Ianto laughs at him, because Jack is always Jack, even when startled or grieving or facing a lover returned from the grave. It’s reassuring, really, and he reaches out to take Jack's hand. “Be my guest,” he offers, dropping his voice to something low and smoky, and Jack groans as he pulls him close. The kiss starts out soft, reacquainting themselves with the familiar touch and taste, and quickly turns desperate. Jack wraps his arms around Ianto’s shoulders, twists his hands into Ianto’s hair, and devours his mouth with lips and teeth and tongue. Ianto meets the fervor as best he can, stripping Jack of his coat with fumbling hands, and they collapse together onto the narrow mattress.
“Tell me again why you got your own room when I'm never letting you out of mine again?” Jack gasps, arching into the questing hands as Ianto unbuttons his shirt.
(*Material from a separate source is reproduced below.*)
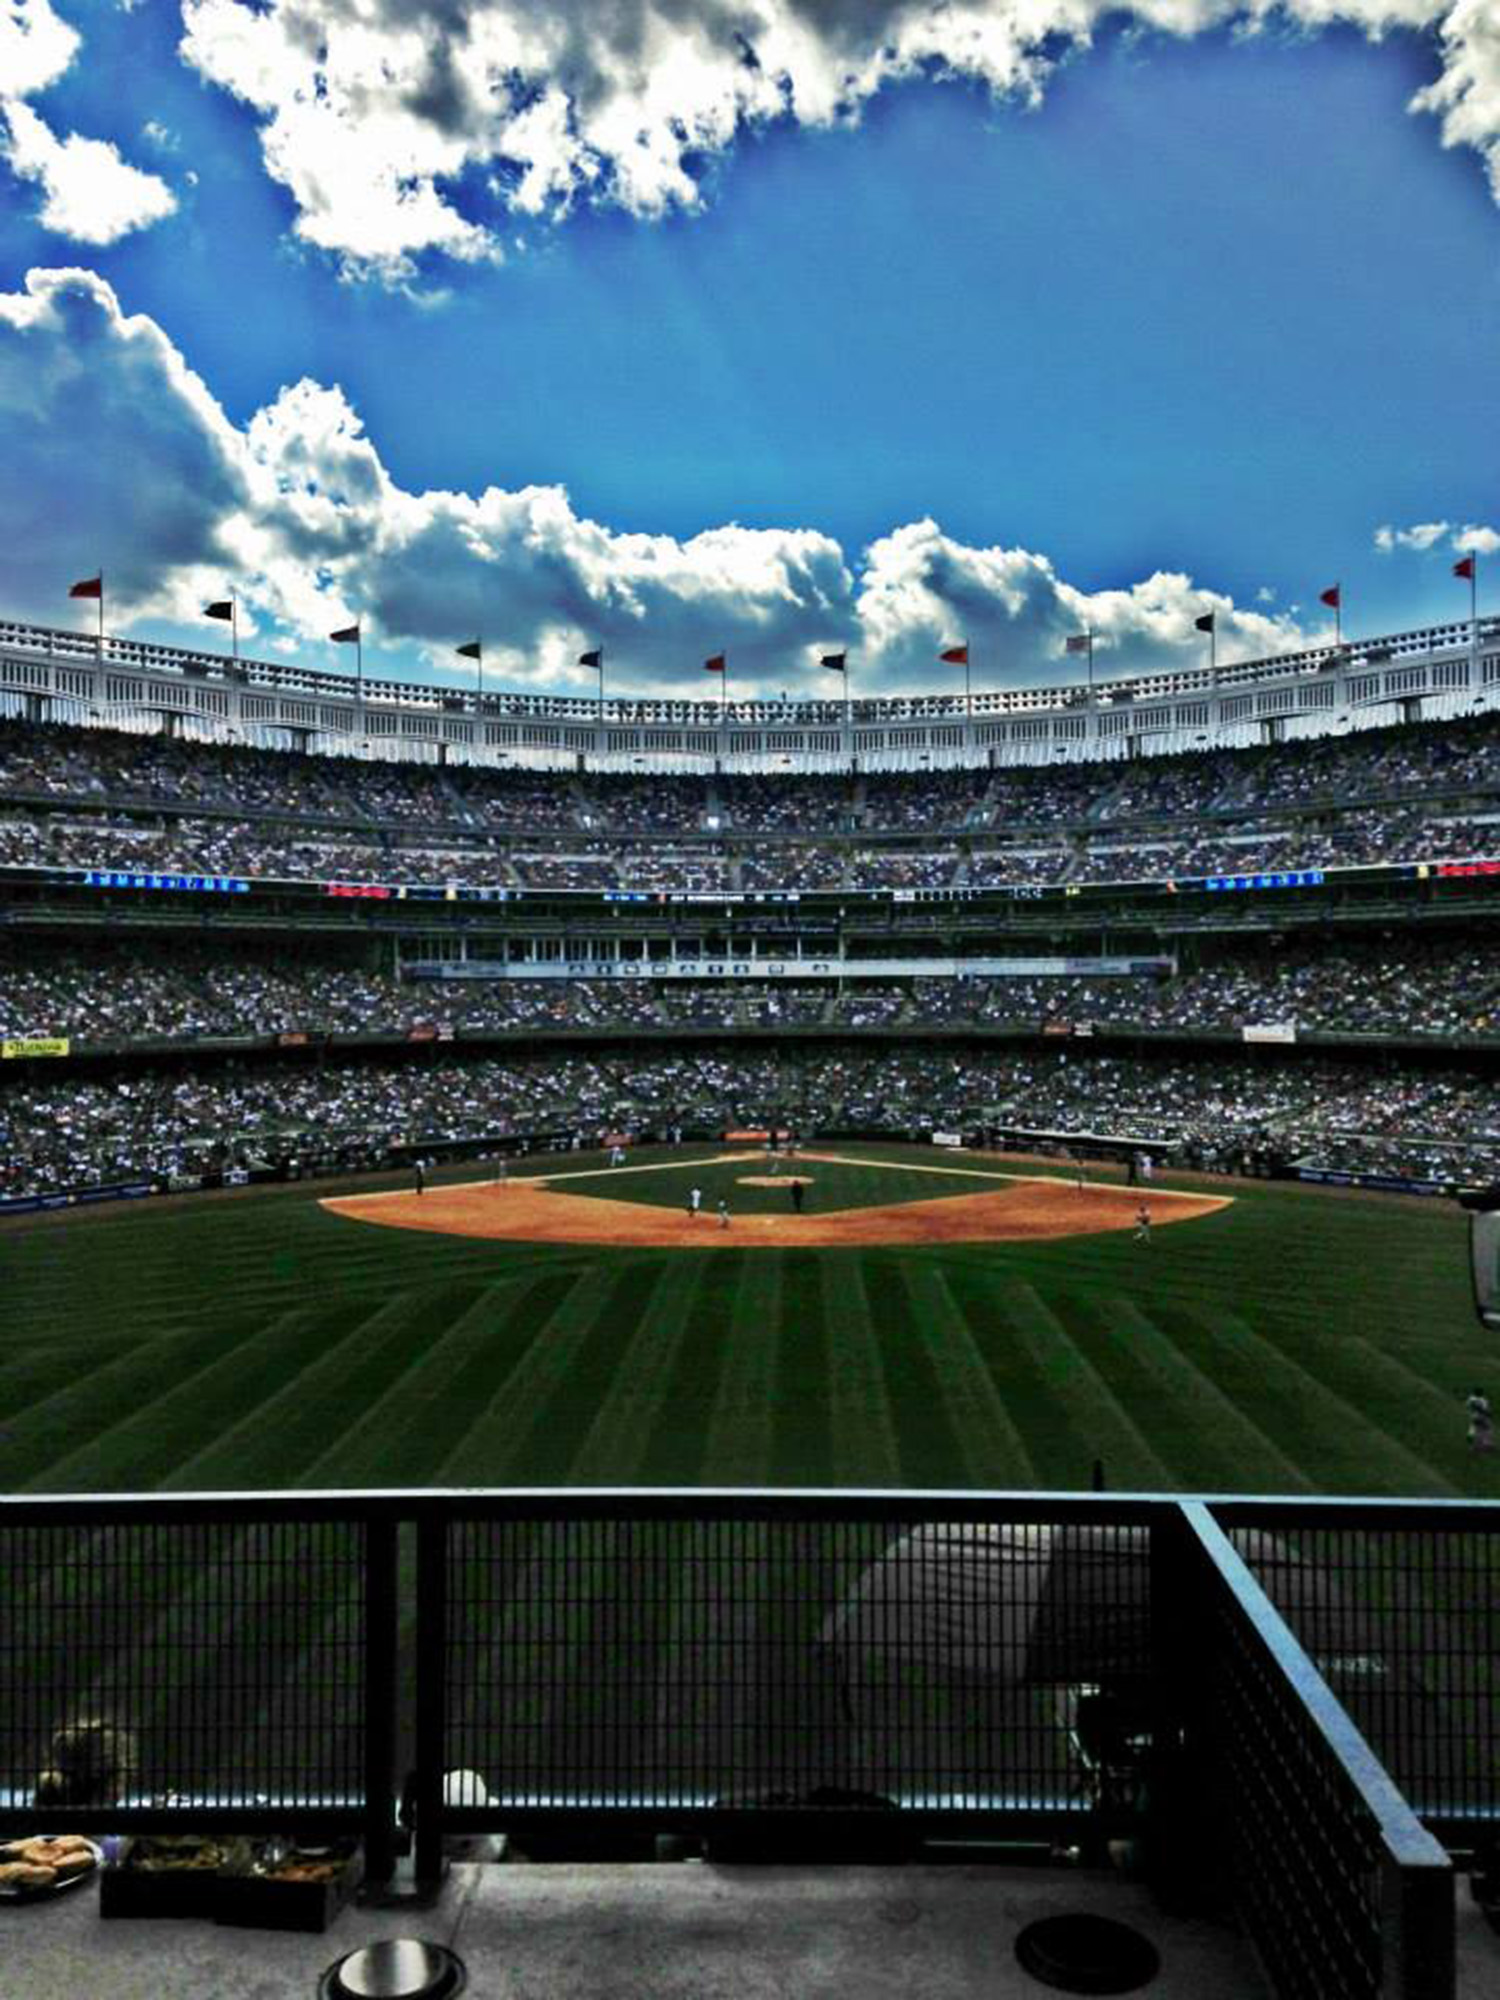 A baseball stadium full of spectators

“Propriety,” Ianto reminds him, even though he can't remember very well either at the moment, breathless at the speed with which he’s being stripped in return. Jack doesn’t bother with getting his slacks off, but simply undoes the zipper and button and shoves them and his pants down around his hips. Ianto whimpers as Jack's hand closes over him, hot and calloused in all the places Ianto remembers, and tries to recover enough coordination to return the favor. It’s difficult, though, when Jack knows just how to touch him, just where to lighten the pressure and where to increase it, in order to drive him out of his mind.
“Oh, god, Ianto,” Jack murmurs into the side of this throat, then twists to kiss him again, messy and frantic. “Ianto. Thought I’d lost you. God.”
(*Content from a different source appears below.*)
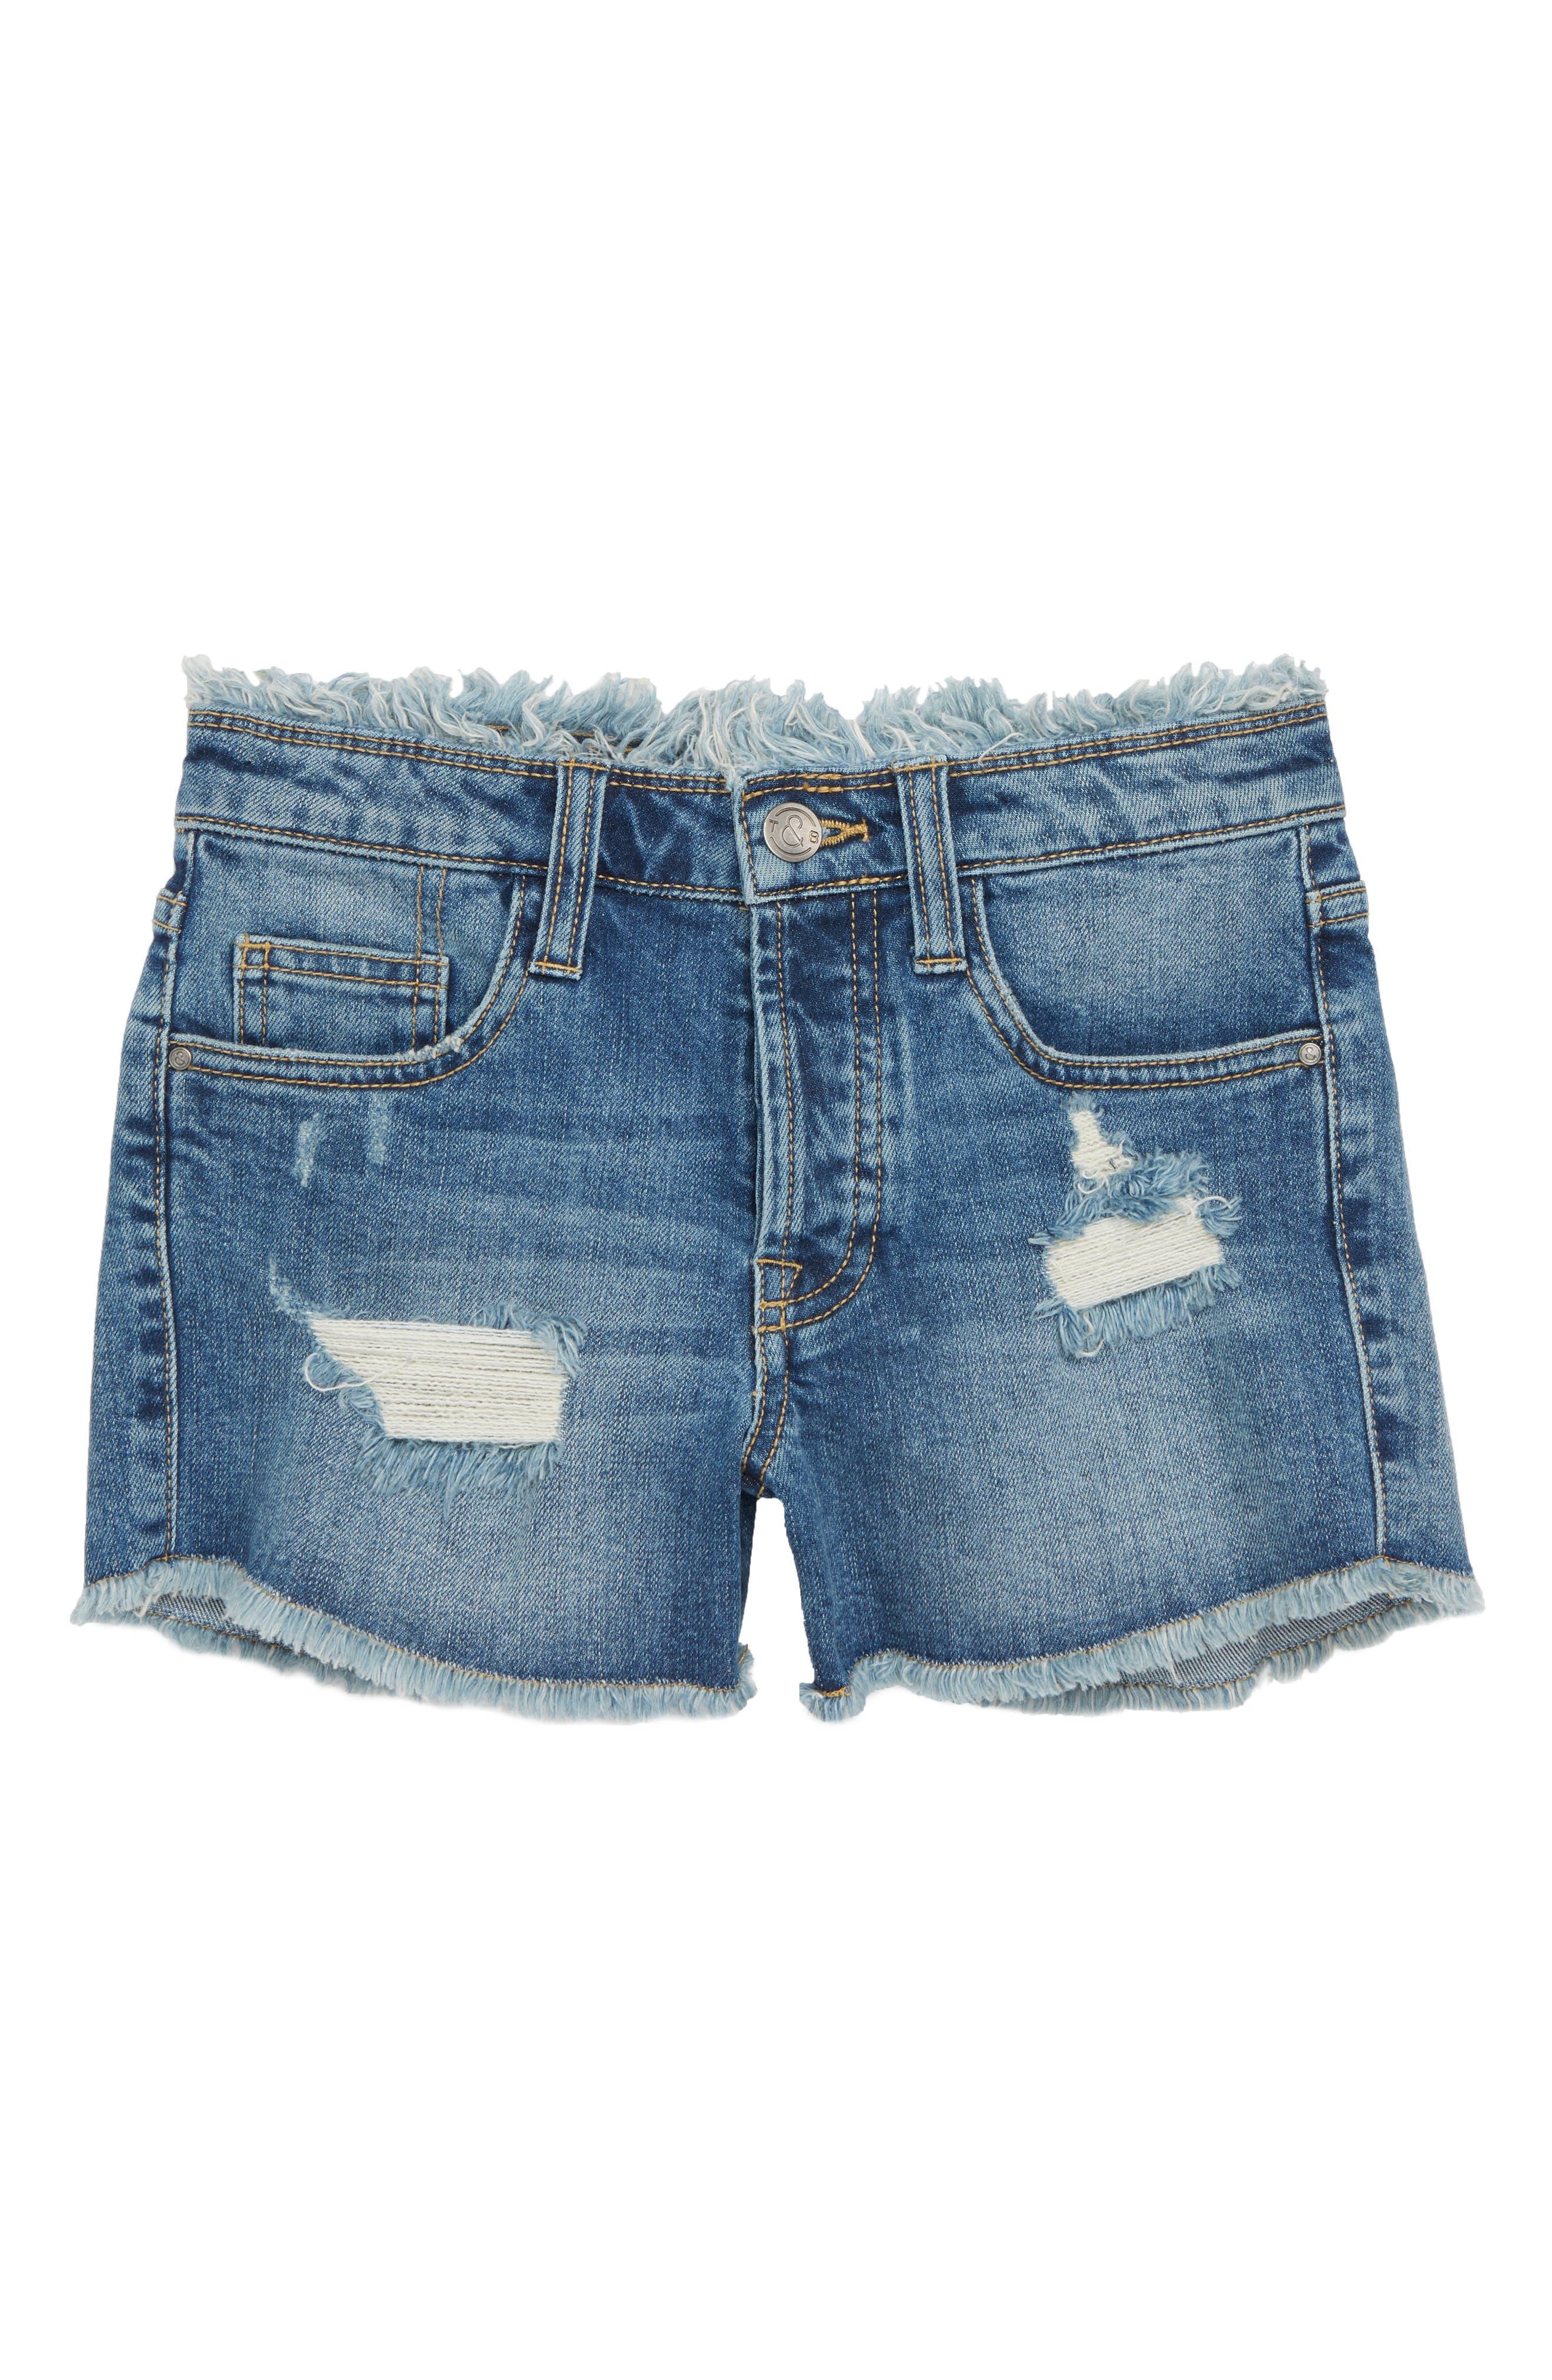 Festival Distressed Cutoff Denim Shorts,                         Main,                         color, 401

A well-timed twist of that clever, clever hand steals all power of speech from Ianto’s brain, but he shoves his hand between them, knocks Jack’s hand away, and wraps both of them in his grip, pumping hard. Jack hisses, dropping his head to mouth at Ianto’s neck and collarbone, and the press and nit of his teeth only heightens the fire sparking up Ianto’s spine. He gasps, breathless, into Jack's hair and throws his head back, trying to choke down a cry. They're alone in the Hub, the team out at lunch, but they might return at any moment.
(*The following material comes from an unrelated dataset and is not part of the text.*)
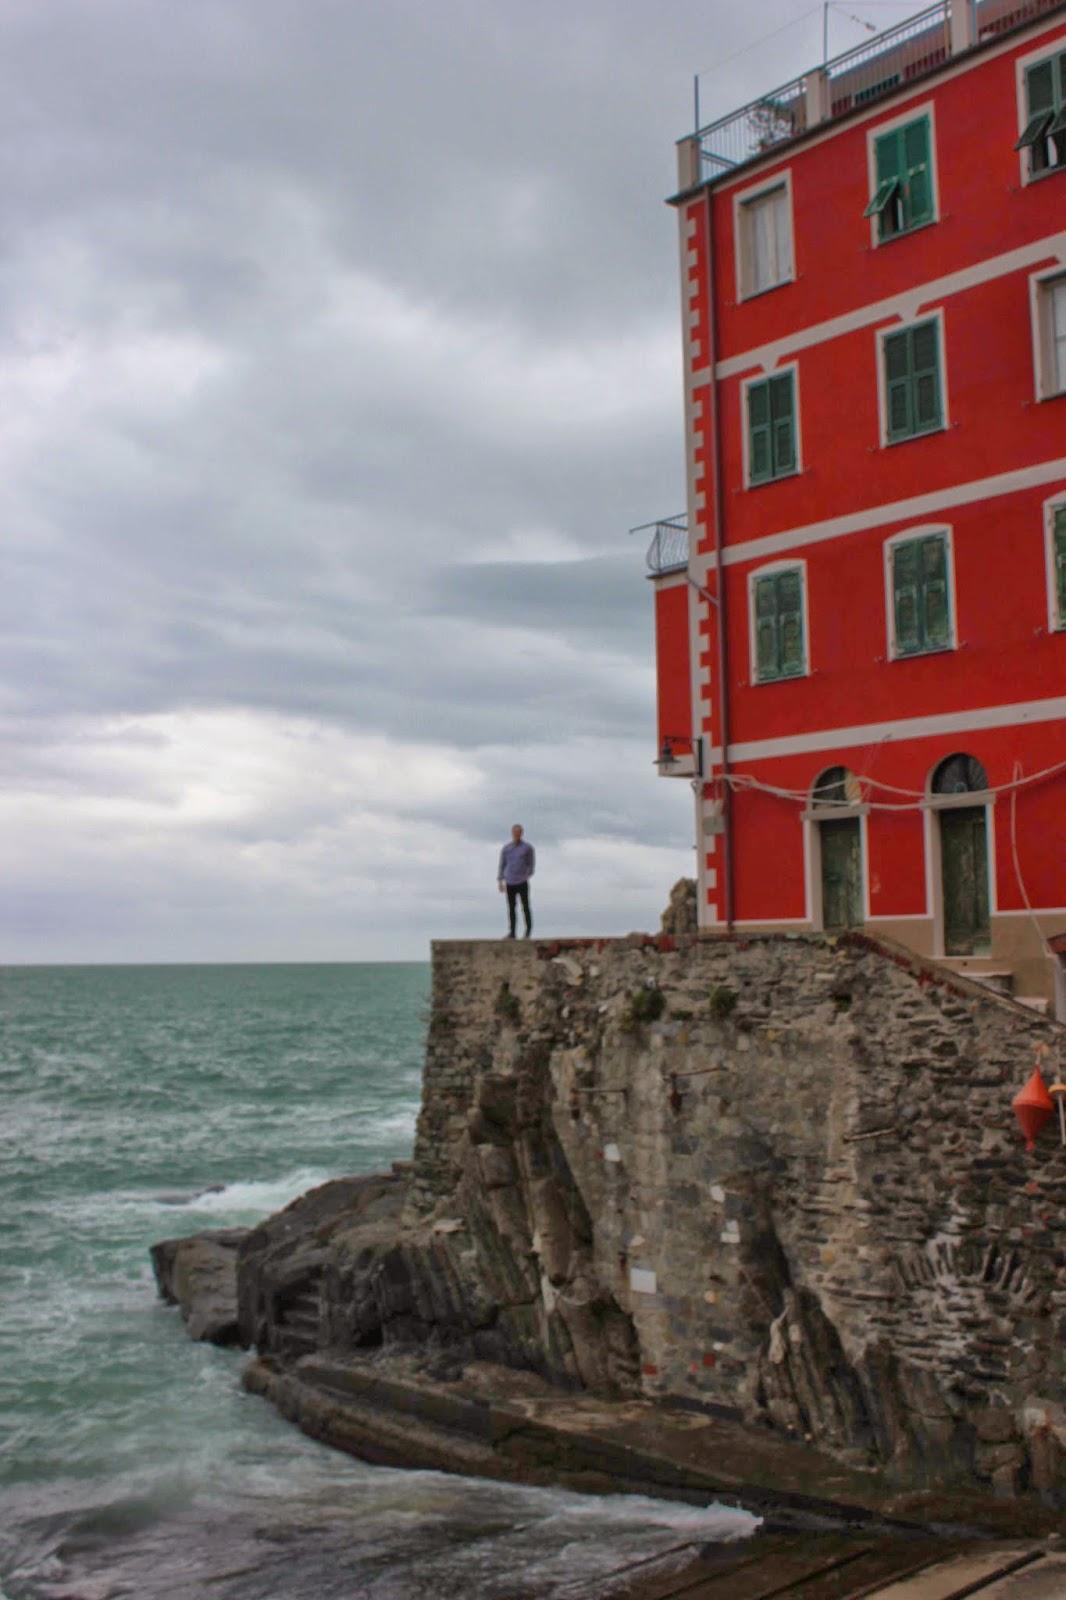 cinque terre travel guide italy

Ianto twists his hand, swipes a hand over the crowns of both cocks, and is undone by Jack's heat and scent and simple presence. He cries out, unable to choke it back, and comes in a messy, sticky, utterly satisfying flood between them. Jack groans, sinks his teeth into Ianto’s collarbone, and follows, the hot splash of his come on Ianto’s skin sending another spike of pure desire through the Welshman’s nerve endings.
They collapse together, breathless and shaking with exertion, and Jack wraps Ianto in his arms.
“You're back,” he breathes, and for the first time, he sounds as though he truly believes it.
“I'm home,” Ianto agrees, running his fingers through Jack's sweaty hair, and knows it’s true in every way.